* **Assigned task**
In the entries below, find the line with "HXR для планшета" and the line with "Set 1 tavolo"; give again those lines and every line between them, exactly.

== Data to process ==

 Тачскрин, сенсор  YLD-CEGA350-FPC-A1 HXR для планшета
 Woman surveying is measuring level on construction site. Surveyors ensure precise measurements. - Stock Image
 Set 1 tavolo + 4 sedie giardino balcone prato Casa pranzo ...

===
== Data to process ==

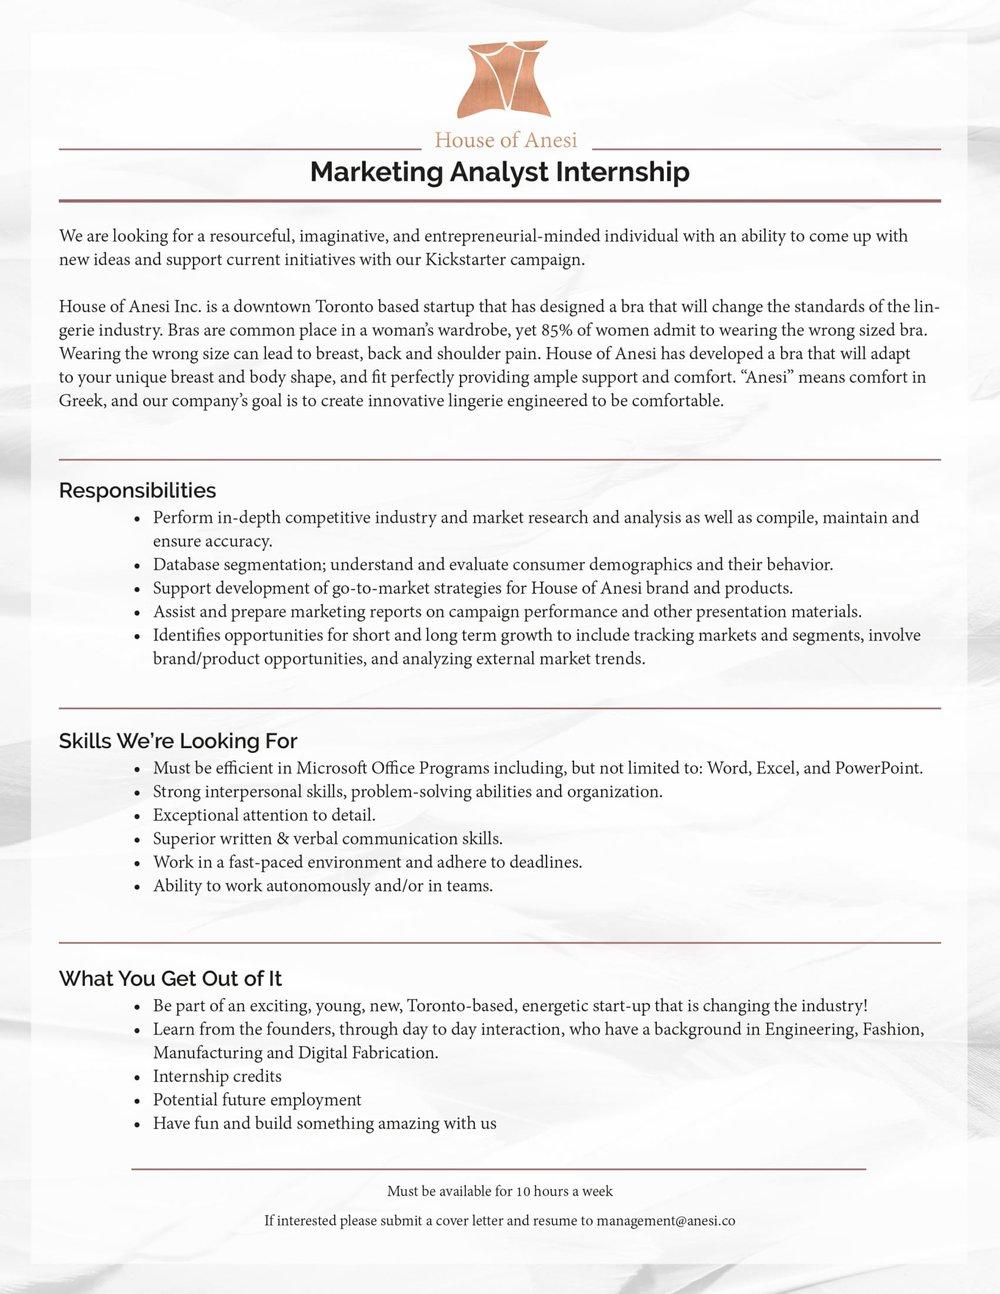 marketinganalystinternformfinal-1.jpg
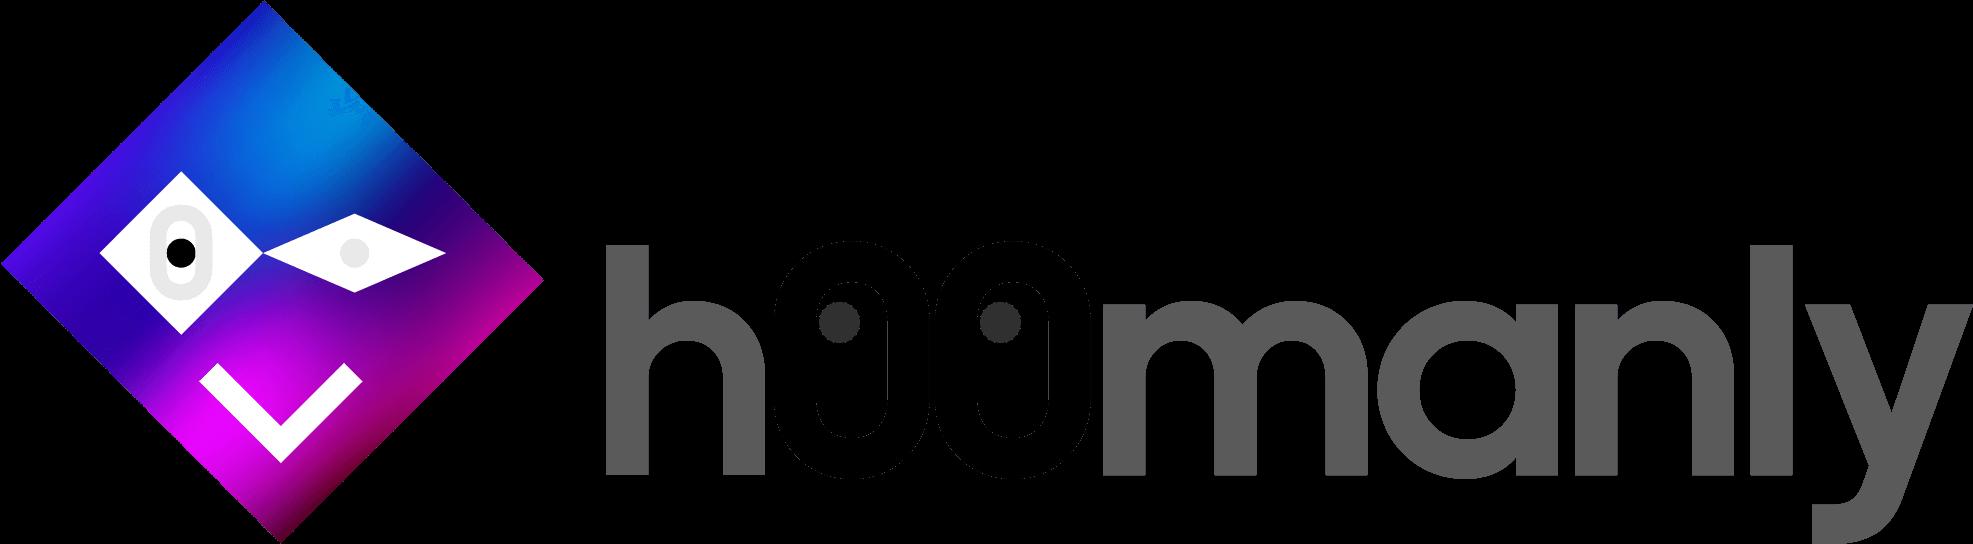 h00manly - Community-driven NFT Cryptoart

===

* **Final answer**
 Тачскрин, сенсор  YLD-CEGA350-FPC-A1 HXR для планшета
 Woman surveying is measuring level on construction site. Surveyors ensure precise measurements. - Stock Image
 Set 1 tavolo + 4 sedie giardino balcone prato Casa pranzo ...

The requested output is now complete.